» **WHAT YOU ARE ASKED TO DO**: Produce an exact copy of all the data below, dropping every image.

» **DATA EXTRACT**:
*-*-*
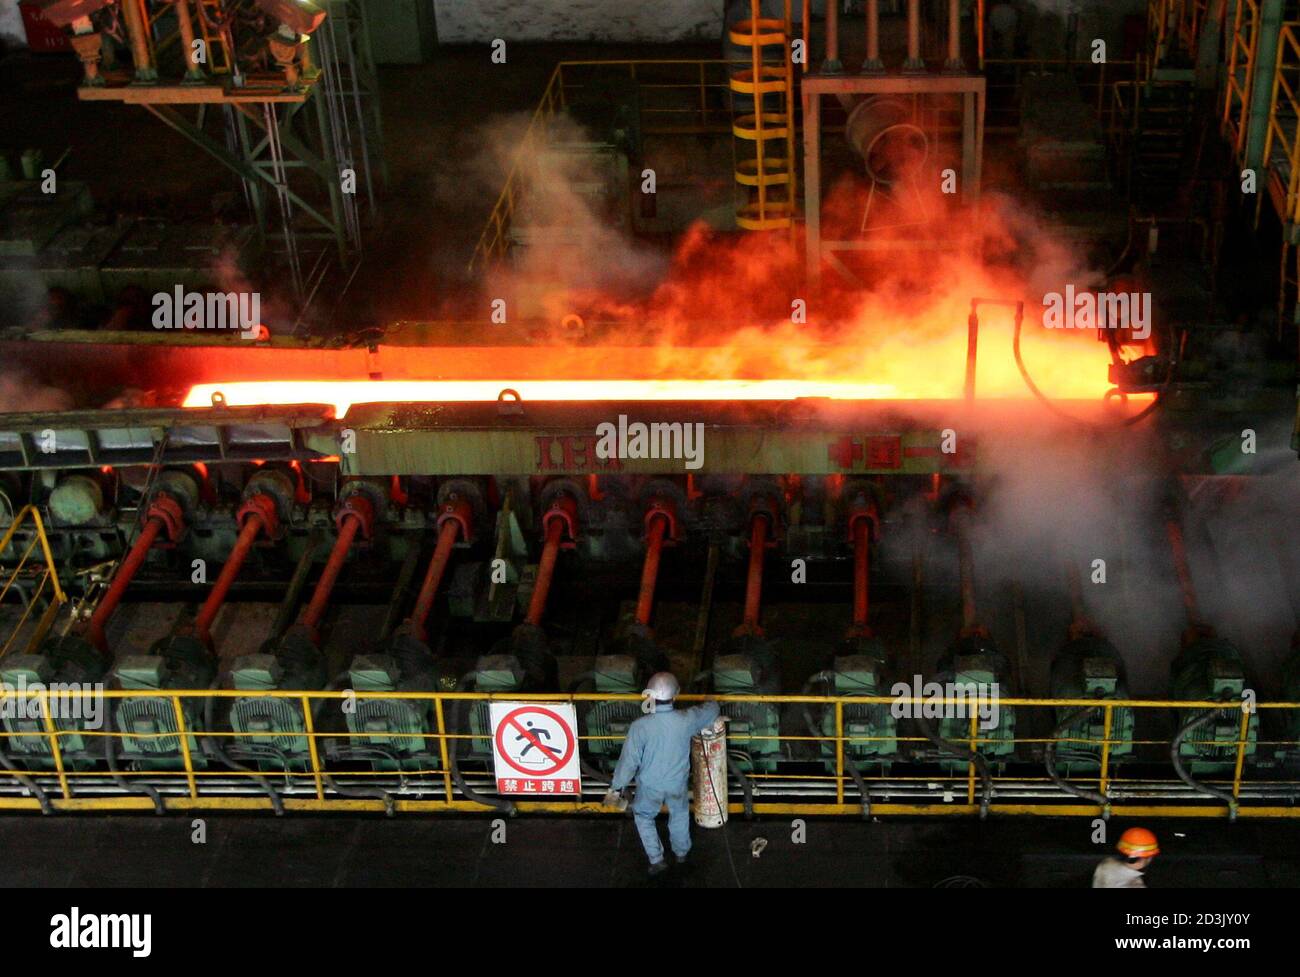 A Chinese worker operates a machine for hot-rolled steel at Baosteel factory in Shanghai February 25, 2005. China, the world's top steel producer, is expected to see steel output growth fall by half this year as mills focus on higher quality steel for ship building and trim output for construction, Xie Qihua, chairwoman of China's largest steel maker Baosteel Group said on Friday. REUTERS/Claro Cortes IV  CC/TC Stock Photo
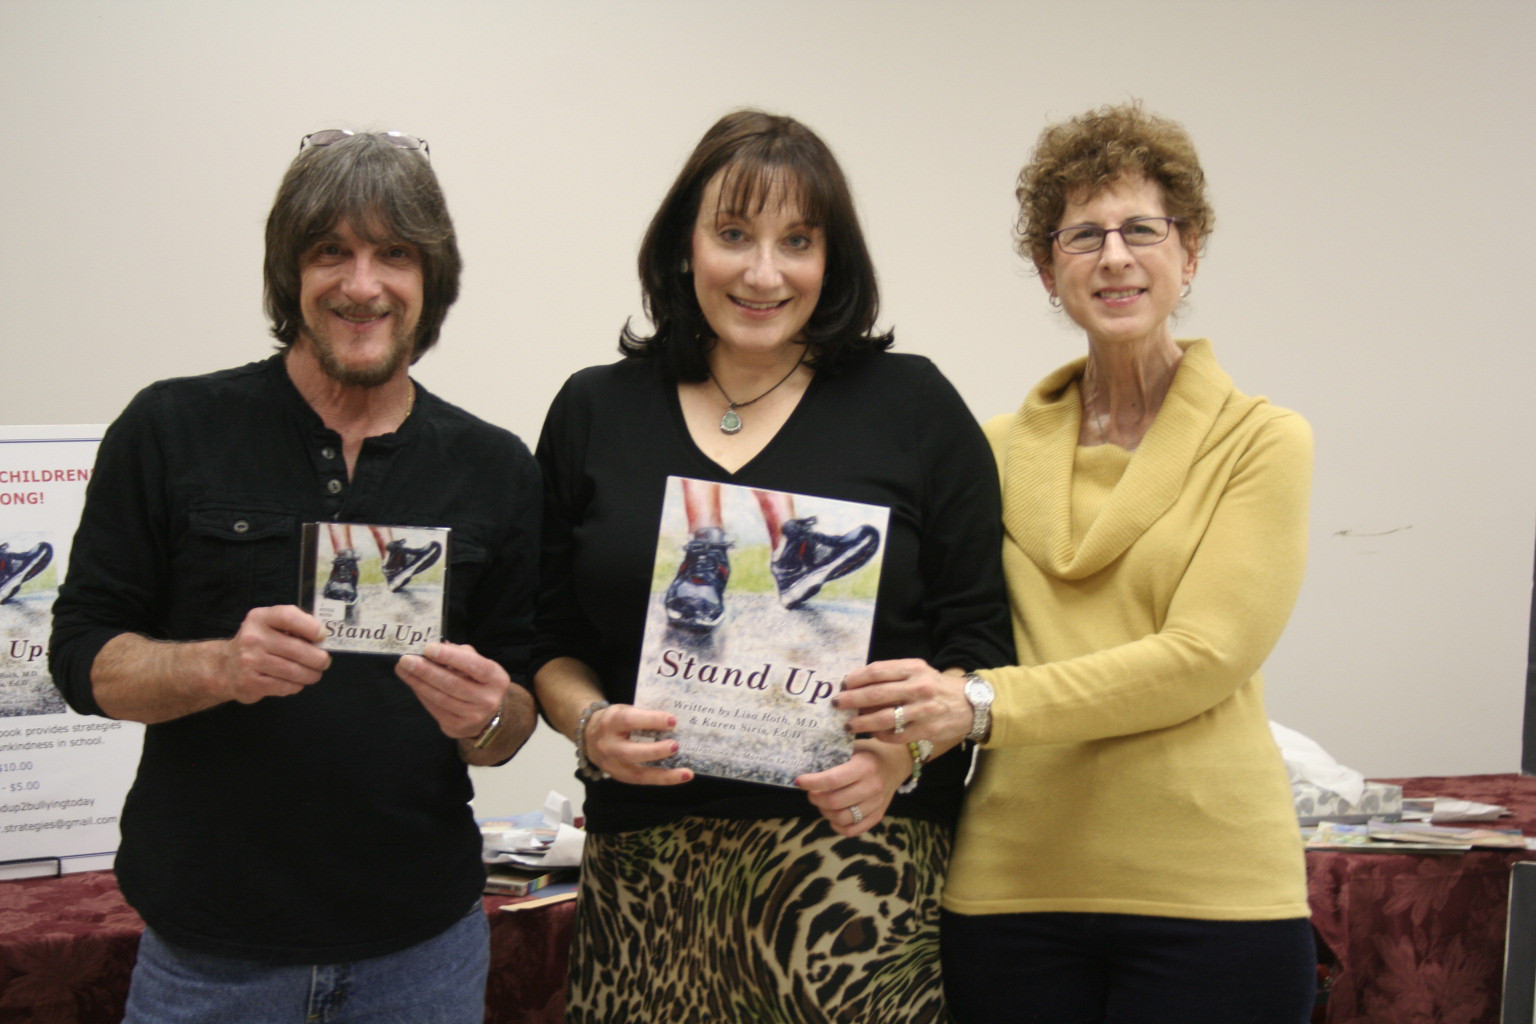 Lisa Roth, center, held a book signing at the East Rockaway Library for “Stand Up!” She was joined by musician Paul Lanzetta, left, of East Rockaway Music, who wrote the accompanying song, and the book’s illustrator, art teacher Marsha Letvin, at right.
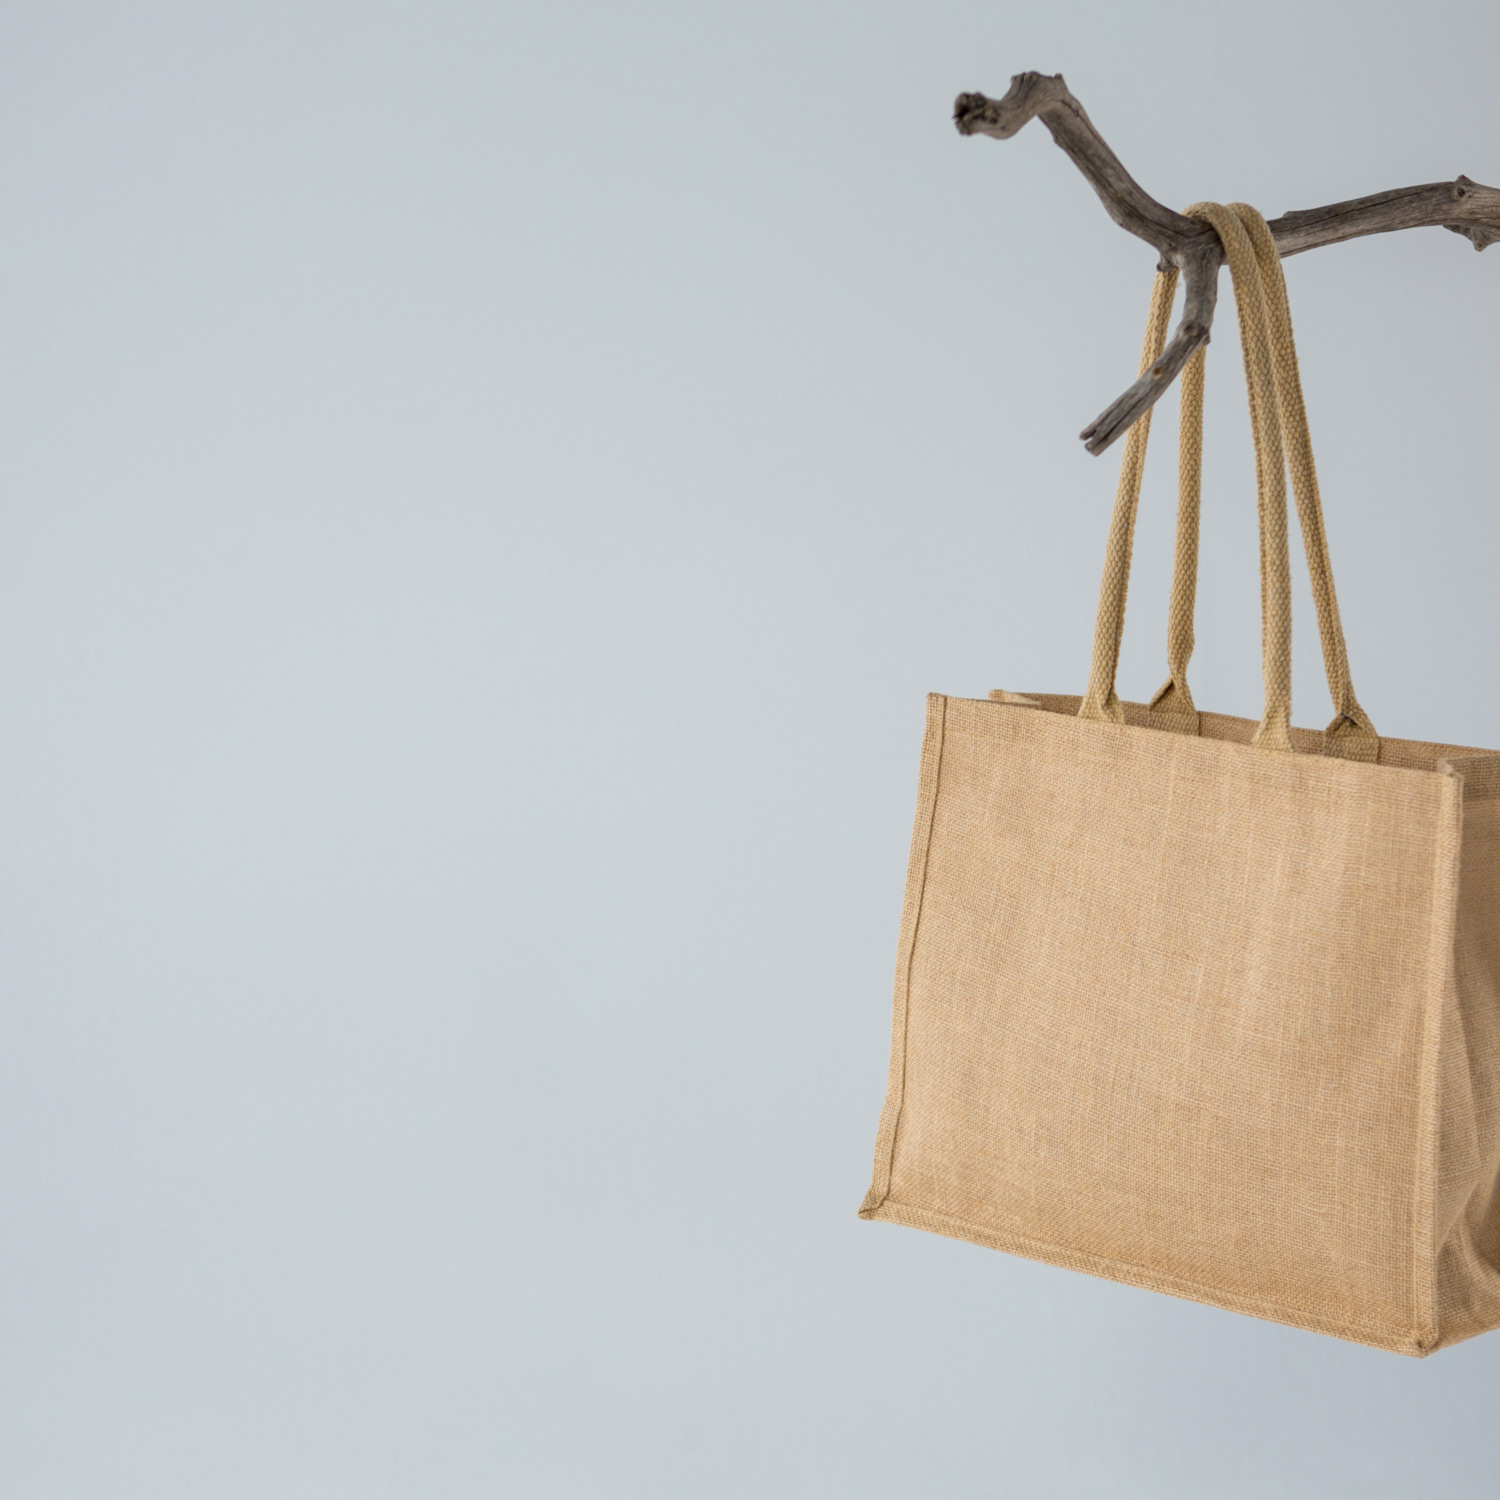 Jute carrier bags: sustainable shopping at its best
*-*-*
» **SOLUTION TO THIS TASK**:
 A Chinese worker operates a machine for hot-rolled steel at Baosteel factory in Shanghai February 25, 2005. China, the world's top steel producer, is expected to see steel output growth fall by half this year as mills focus on higher quality steel for ship building and trim output for construction, Xie Qihua, chairwoman of China's largest steel maker Baosteel Group said on Friday. REUTERS/Claro Cortes IV  CC/TC Stock Photo
 Lisa Roth, center, held a book signing at the East Rockaway Library for “Stand Up!” She was joined by musician Paul Lanzetta, left, of East Rockaway Music, who wrote the accompanying song, and the book’s illustrator, art teacher Marsha Letvin, at right.
 Jute carrier bags: sustainable shopping at its best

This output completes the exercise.